I’m at a bit of a loss at this point and am wondering if I’ve dug myself in too deep with grub-btrfs. I’m contemplating getting a fresh image on there and sticking to manual use of snapper.

Any help would be much appreciated, thanks.

  • Did you setup this server with a boot partition?

    Rolling back the root subvolume with an older kernel could create a mismatch to the boot partitions kernel. Not sure if that’s contributing to your problem, but might be worth looking into.

    • Yes, I have a separate boot partition. How would I fix a mismatch? The only posible solution I’ve found is to directly edit the grub entries, but that’s a bit beyond what I’ve done with grub before. Thanks for the response!

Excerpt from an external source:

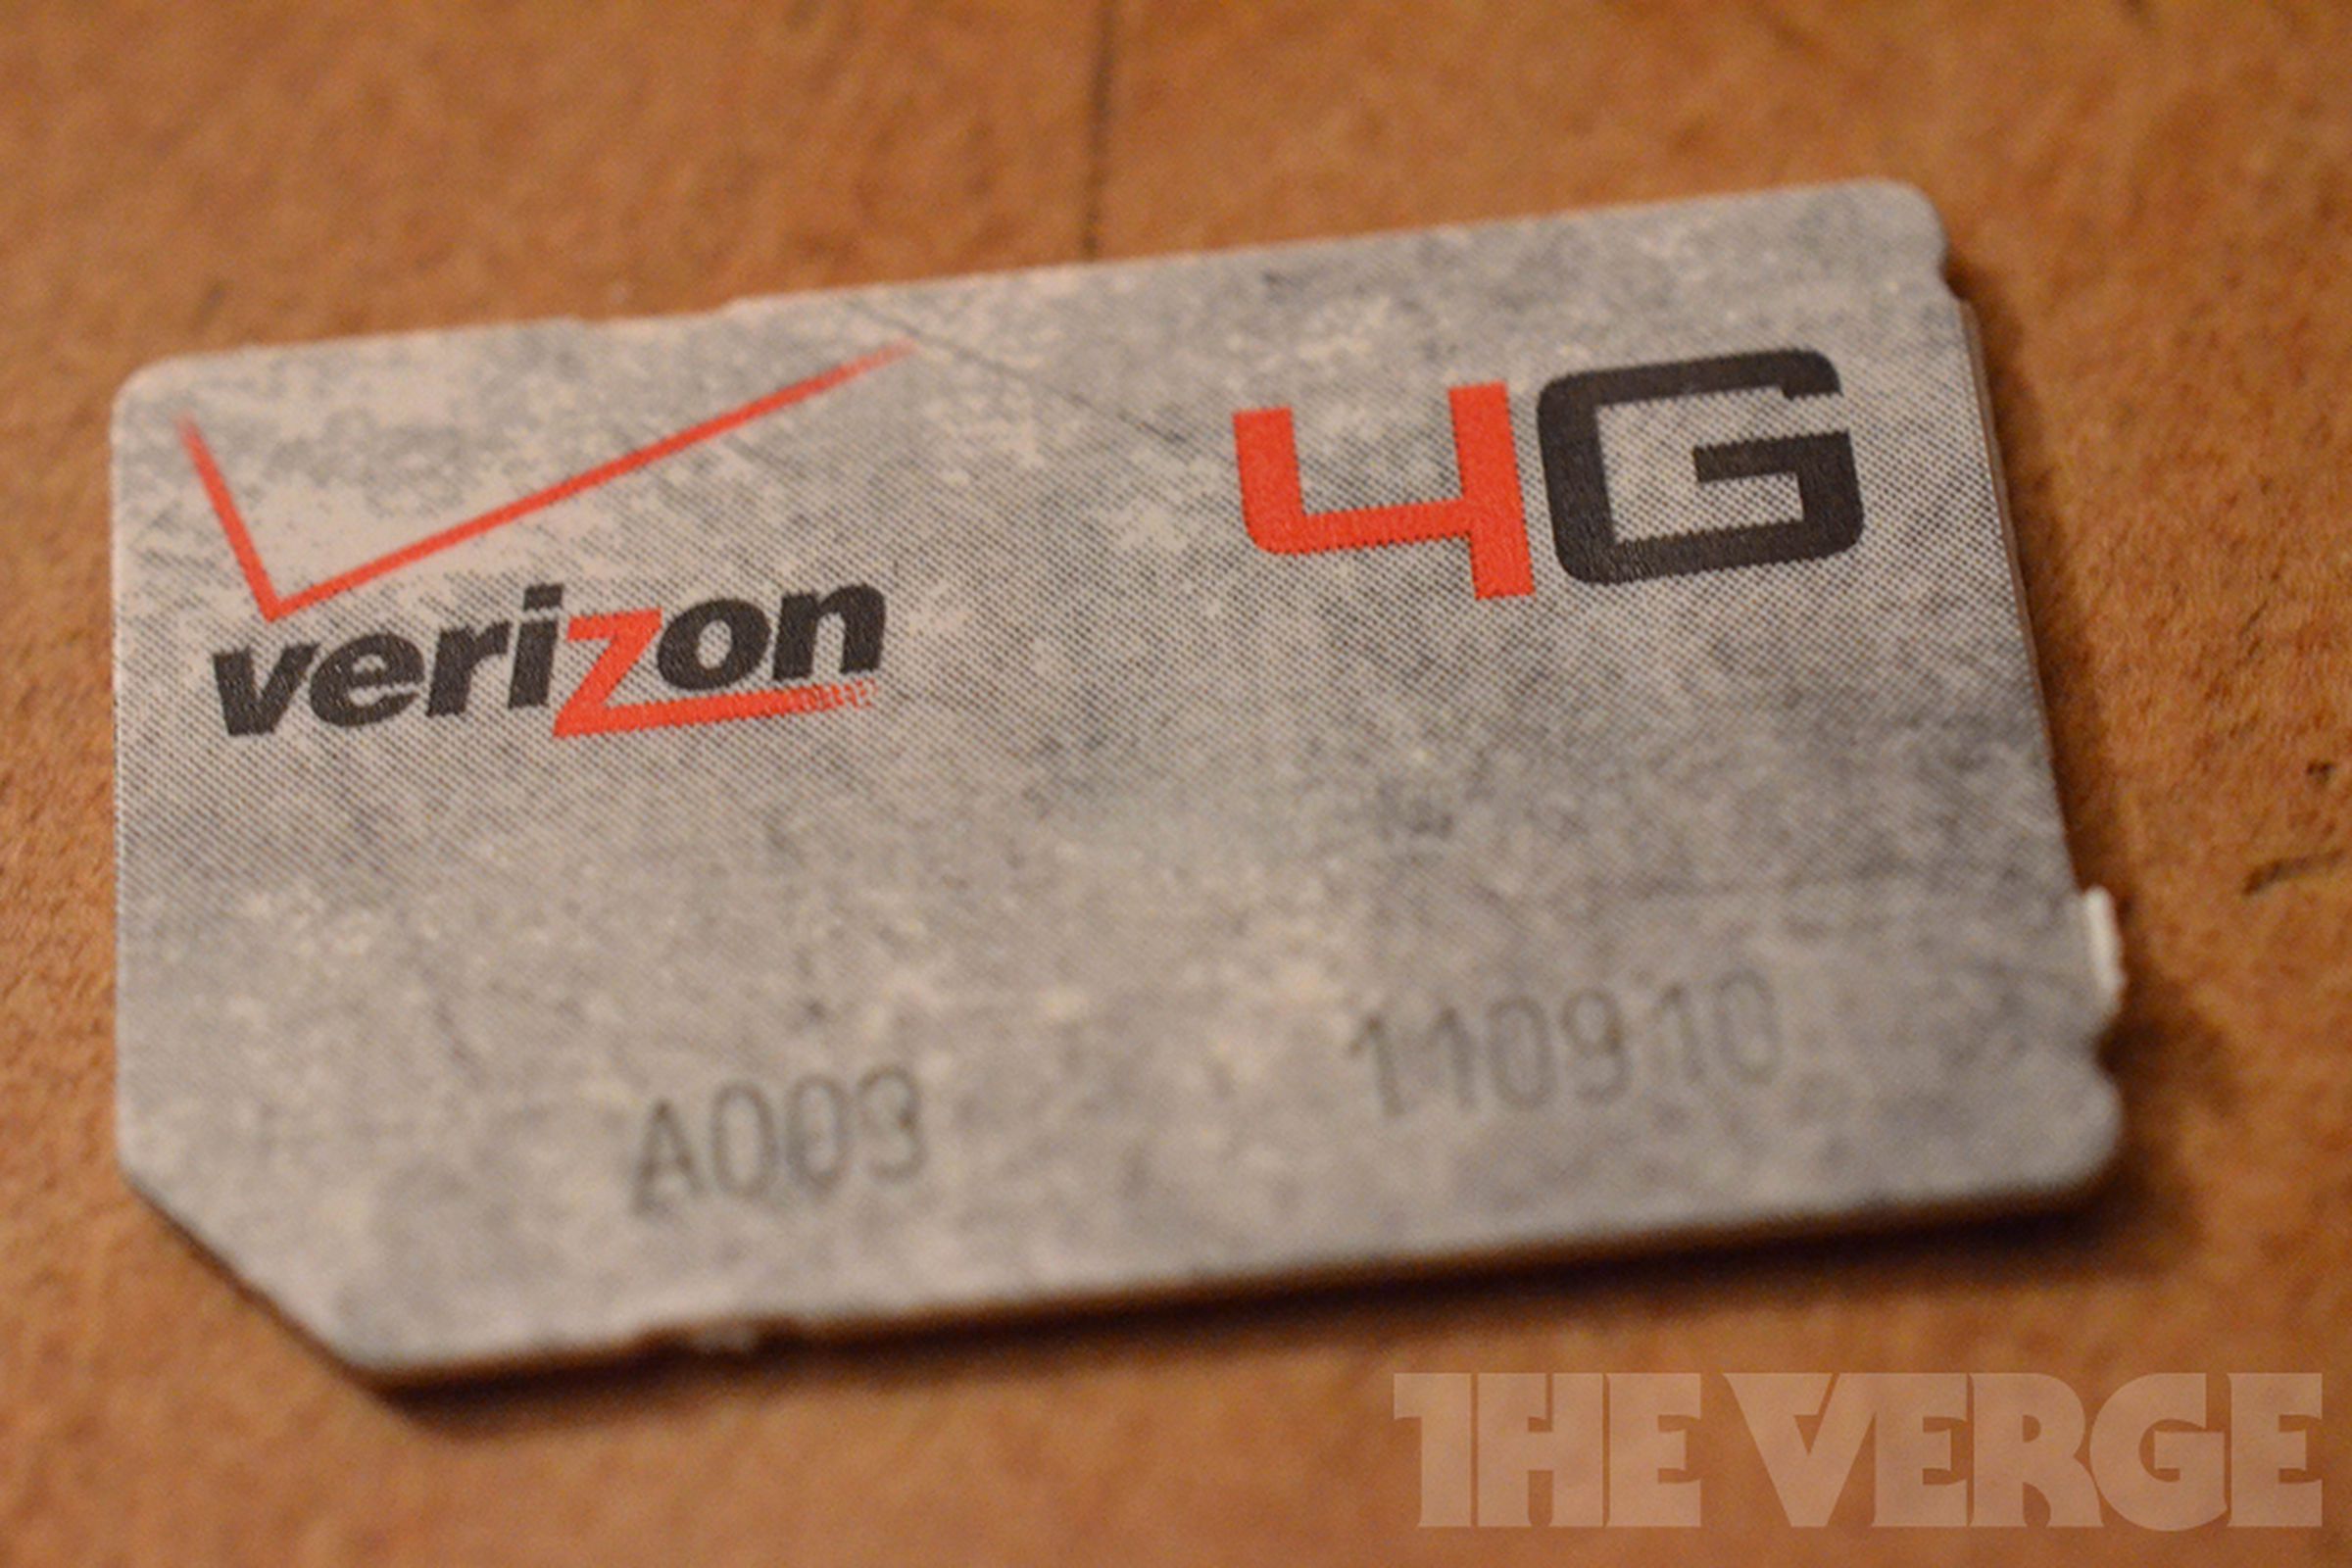 Verizon 4G LTE SIM Card (1020)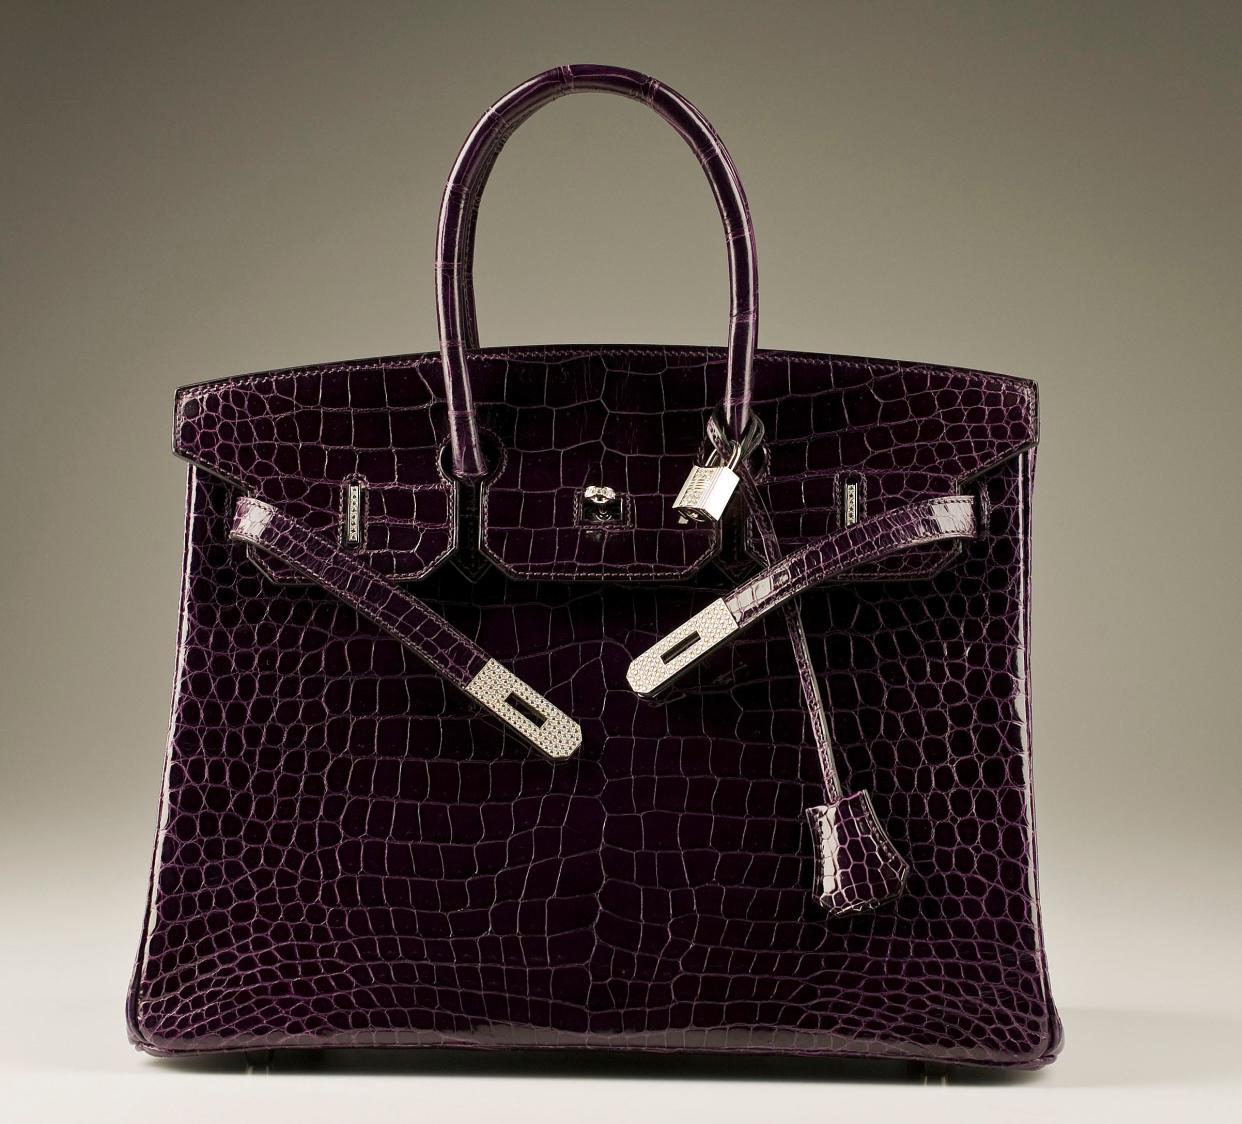 A Hermes Birkin handbag with 8.2 carats of diamonds on the bag bag and 1.64 carats of diamonds on the padlock.

      • Only thing I can think of is the subvolumes left over might be causing an issue. I don’t know how snapper performs a rollback and I’ve seen a couple ways to do it. Sometimes its modifying the default subvolume to the snapshot you want to rollback to. This is fine IF your kernel params are NOT specifying the subvol. That would look like this rootflags=subvol=subvolume_name.

        Usually I just rename the subvols and make sure the snapshot I’m renaming to replace the current root subvol is not set to read only.

        So rename current root to root.broken Then rename snapshot to root Then set readonly prop to false.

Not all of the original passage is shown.